JY: What problems are you most excited to see the community solve in the next five to ten years?
JB: It’s a pretty common knock against formal verification to point out that we shouldn’t trust the specification any more than the implementation. One of the most interesting papers I read recently that responds to this objection is “Who guards the guards? Formal Validation of the ARM v8-M Architecture Specification”, by Alastair Reid at ARM. This work shows that we can improve confidence in specifications by proving cross-cutting properties that capture developer intent. But these properties tend to be the most difficult to prove, especially automatically. So if we want formal verification technology to be mainstream, we have more work to do on building specifications people can understand and use—and I’m excited to see the community continue to tackle this problem.

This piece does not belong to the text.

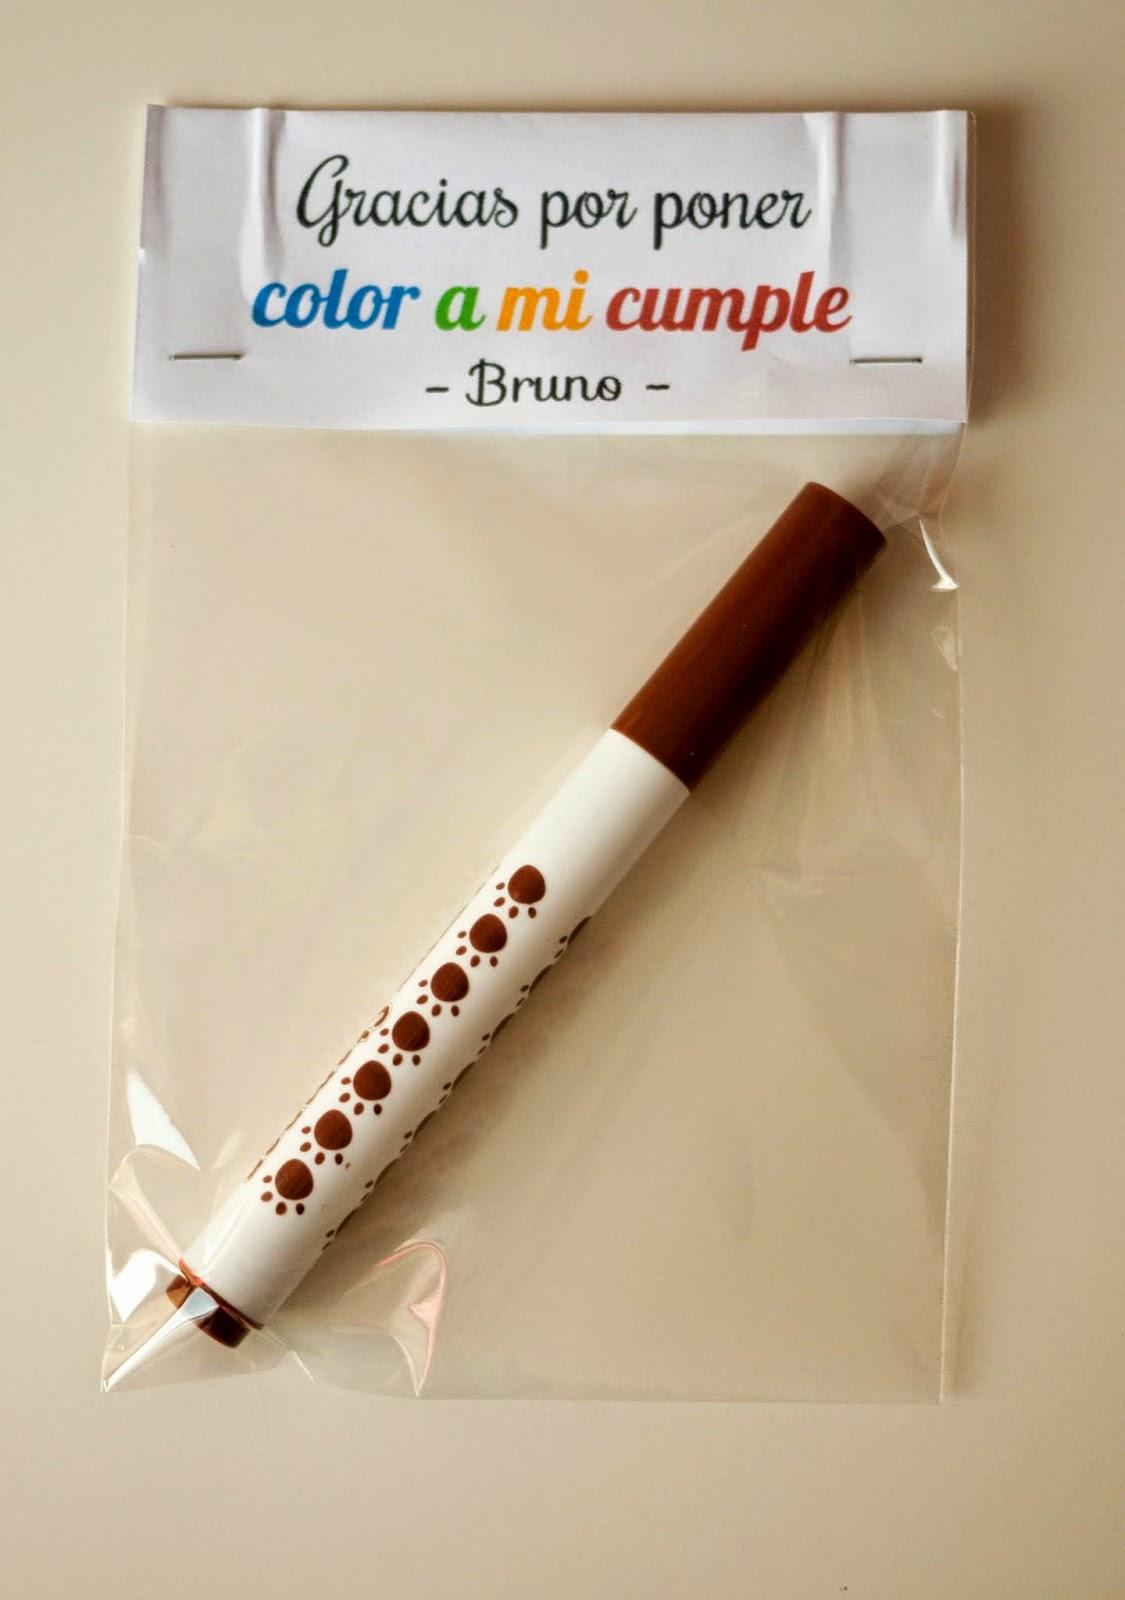 """Un rotulador empaquetado con la frase """"Gracias por poner color a mi cumple"""", para ofrecer como regalo de agradecimiento de cumpleaños"""
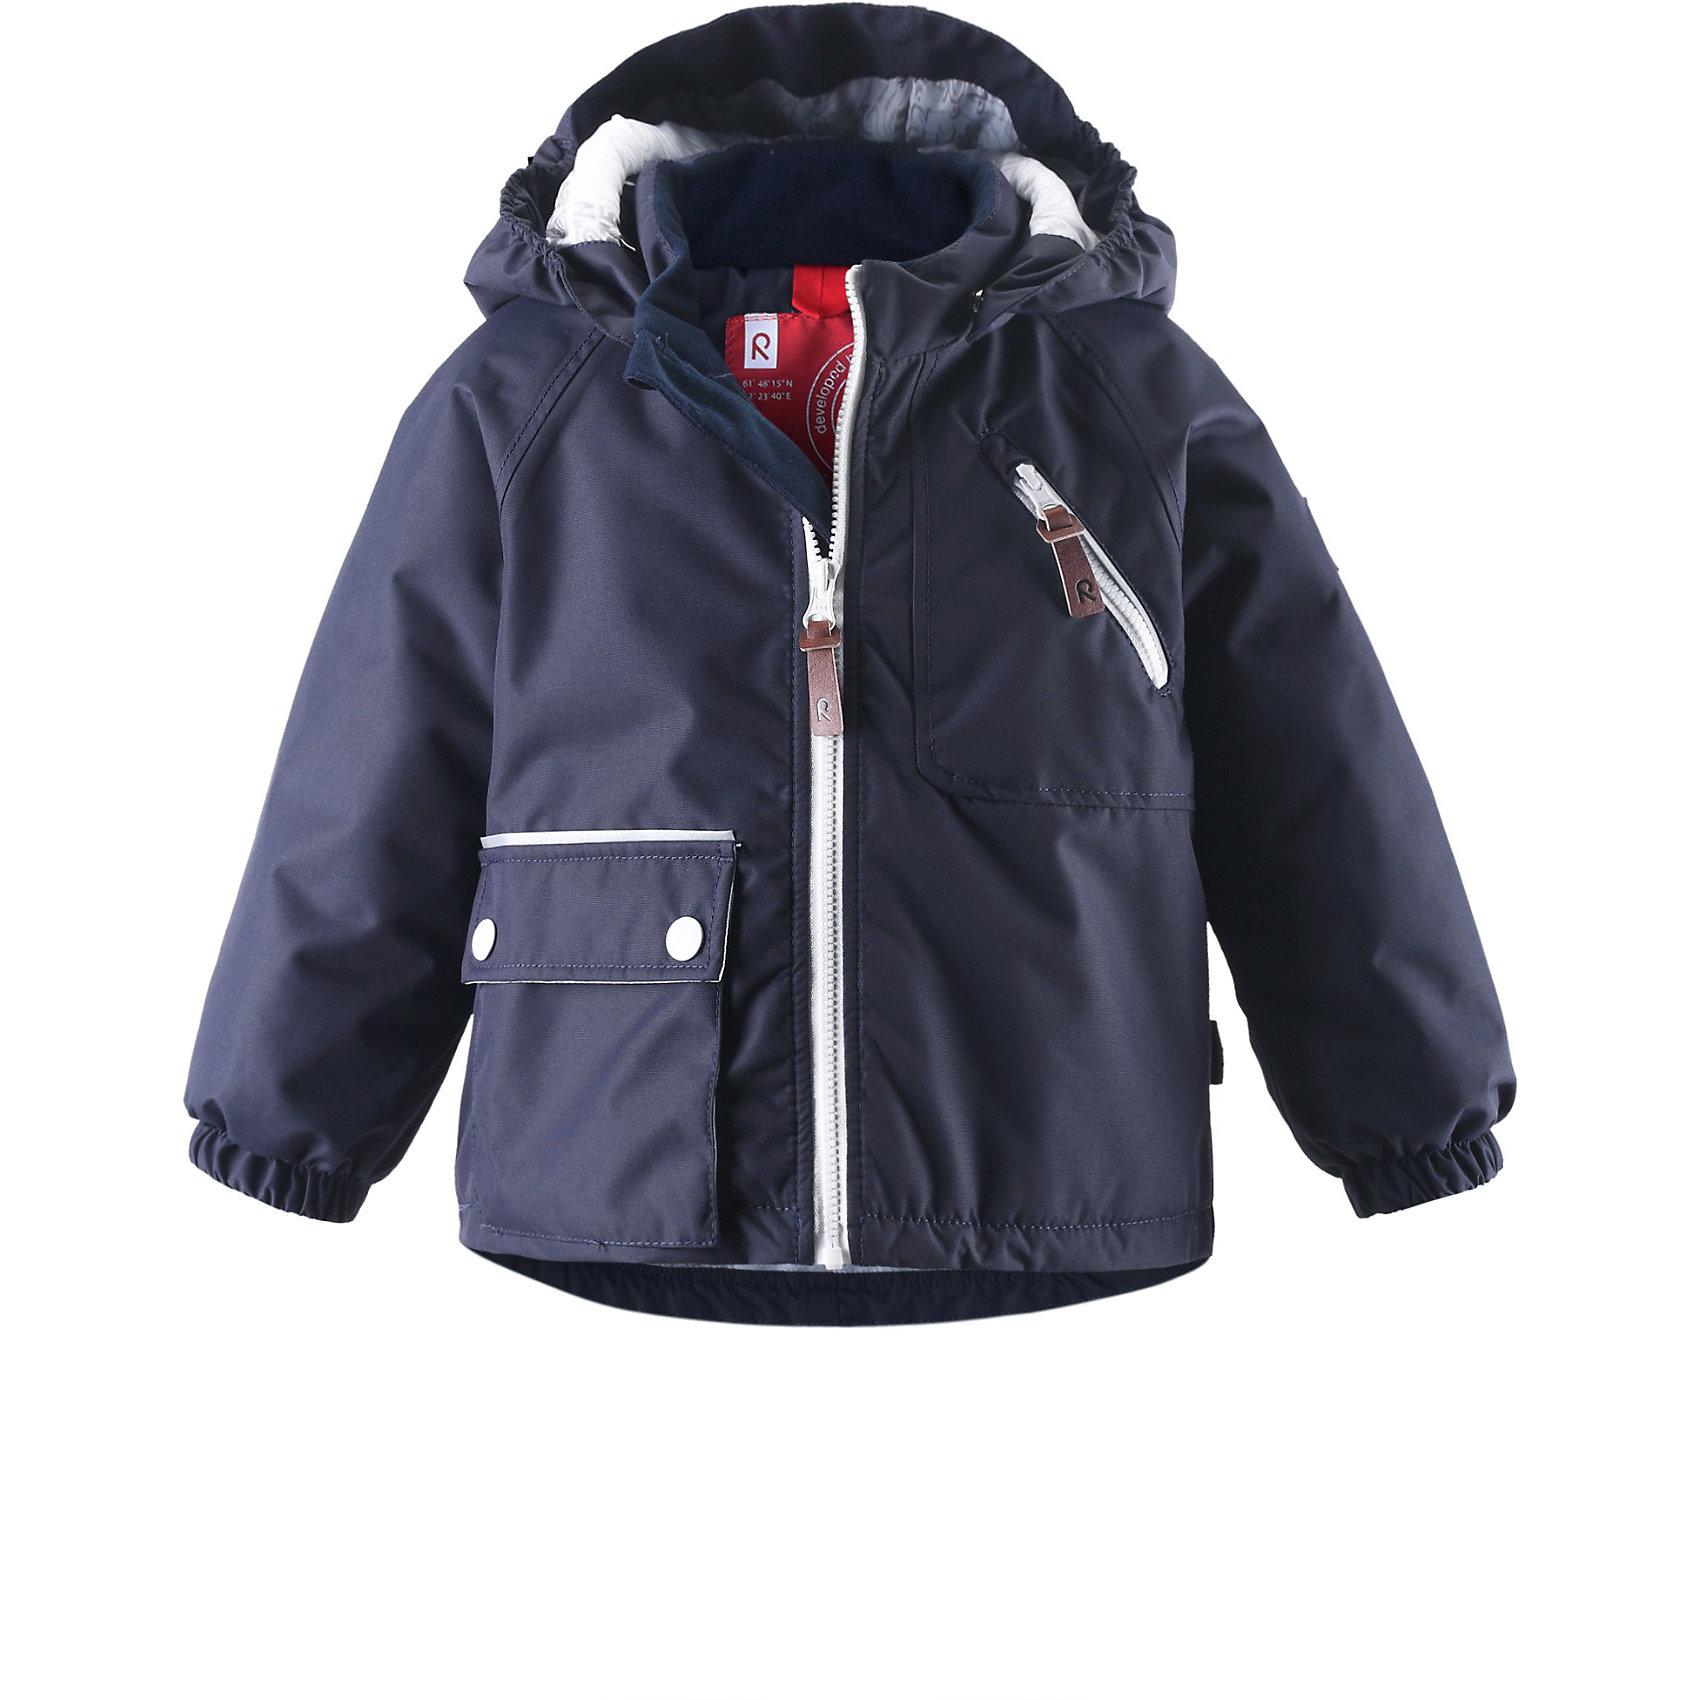 Куртка для мальчика ReimaВерхняя одежда<br>Куртка для мальчика от популярной финской марки Reima.<br>*Основные швы проклеены<br>*Подкладка с принтом<br>*Съемный капюшон<br>*Один карман на молнии и один накладной карман<br>*Светоотражающие детали<br>Состав:<br>100% Полиэстер, Полиуретан-покрытие<br>Средняя степень утепления (до - 20)<br>Материал верха:<br>Водостойкость: 5000<br>Износостойкость: 30000<br>Воздухопроводимость: 3000<br>Утеплитель: 160 г<br><br>Куртку для мальчика Reima (Рейма) можно купить в нашем магазине.<br><br>Ширина мм: 356<br>Глубина мм: 10<br>Высота мм: 245<br>Вес г: 519<br>Цвет: полуночно-синий<br>Возраст от месяцев: 12<br>Возраст до месяцев: 18<br>Пол: Мужской<br>Возраст: Детский<br>Размер: 86,74,98,92,80<br>SKU: 3746665

JY: Some of your work is quite applied. What do you see as the relationship between your more theoretical programming languages work and that other work?
JB: I’m lucky that most of my work falls into the intersection of POPL and more applied venues, so would find a comfortable home in either category. Even when that’s not true, there are often PL problems lurking that could make the jump. For example, I was lucky to be involved in a project here at UW to build a data storage system using DNA. I jumped in because it sounded cool, not because I necessarily expected any PL results. It led to a nice ASPLOS paper, but since then, other students here have been working on problems that I think would make great POPL papers: how do you program a molecular system like this one, where all operators are stochastic and whose efficiency varies depending on their inputs?
JY: What do you like most about the POPL community?
JB: I’m really happy with how seriously our community takes mentoring of new researchers. Attending your first conference, or submitting your first paper, or receiving your first rejection can be really intimidating. I was lucky to have great mentors help me through these steps, and though I still consider myself pretty new, I’ve had the chance to help bring newer folks into the fold too. These days we even have mentoring workshops—I learned a lot from them both as an attendee and a presenter, and I really wish the other communities I work in would follow our lead here.